Member of the Chamber of Deputies
- In office 15 May 1949 – 15 May 1953
- Constituency: 7th Departamental Group (Santiago)

Personal details
- Born: 9 April 1912 Valparaíso, Chile
- Died: 19 February 1991 (aged 78) Santiago, Chile
- Party: Partido Radical
- Spouse: Lucy Charlín Díaz
- Children: 1
- Occupation: Pharmaceutical chemist, politician

= Desiderio Arenas =

Chilean pharmaceutical chemist and politician (1912-1991)

Desiderio Segundo Arenas Aguiar (9 April 1912 – 19 February 1991) was a Chilean pharmaceutical chemist and politician.

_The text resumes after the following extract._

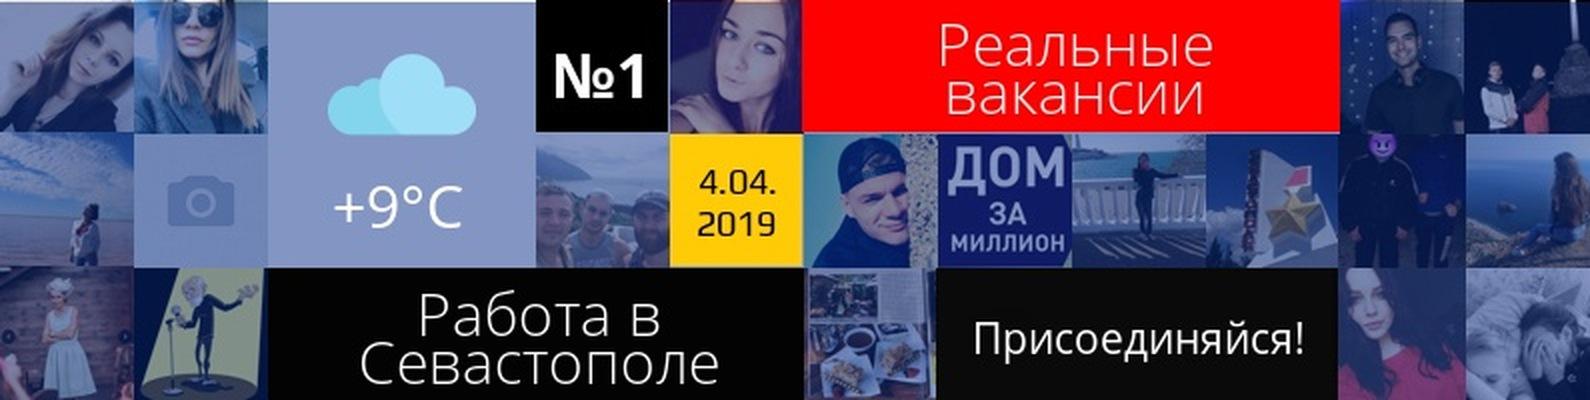 Севастополь работа без патента медицинские книжки волгоград купить

He served as Deputy for the 7th Departamental Group (Santiago) during the 1949–1953 legislative period.

== Biography ==
He studied at the Liceo Eduardo de la Barra in Valparaíso and later at the Faculty of Chemical and Pharmaceutical Sciences of the University of Chile, graduating as a pharmaceutical chemist in 1936 with the thesis “Breve estudio sobre la legislación farmacéutica y en especial sobre el artículo 222 del Código Sanitario”. He served as teaching assistant in courses of Bacteriology and Hygiene, Pharmacy, Chemistry, and Analytical Chemistry.

He married Lucy Charlín Díaz in 1949; they had one child.

From 1937 onwards, he worked in the Drug Price Control Department of the Ministry of Health, holding positions such as second-class pharmaceutical inspector, first-class inspector, technical advisor, provincial chief, general inspector, and department head. He served as councillor of the Social Security Service and director of Laboratorio Chile. He was also a member of the Chilean College of Pharmacists, serving as director in 1950.

== Political career ==
Arenas Aguiar was a member of the Radical Party, serving as provincial president of the Radical Youth, president of the 1941 National Convention, and treasurer of the Central Radical Board. Alongside Domingo and Julio Durán, he co-authored the anthem of the Radical Youth in 1941.

He was elected Deputy for the 7th Departamental Group (“Santiago”, First District) for the 1949–1953 term. He served as replacement member on the Standing Committees on Public Education, Finance, and Agriculture and Colonization, and was a full member of the Committee on Medical-Social Assistance and Hygiene.

== Freemasonry ==
He was initiated in the lodge “Deber y Constancia No. 7” of Santiago, where he became Venerable Master. In 1980 he was elected Grand First Warden of the Grand Lodge of Chile, and between 1984 and 1989 he served as Sovereign Grand Commander of the Supreme Council of the 33rd Degree for Chile.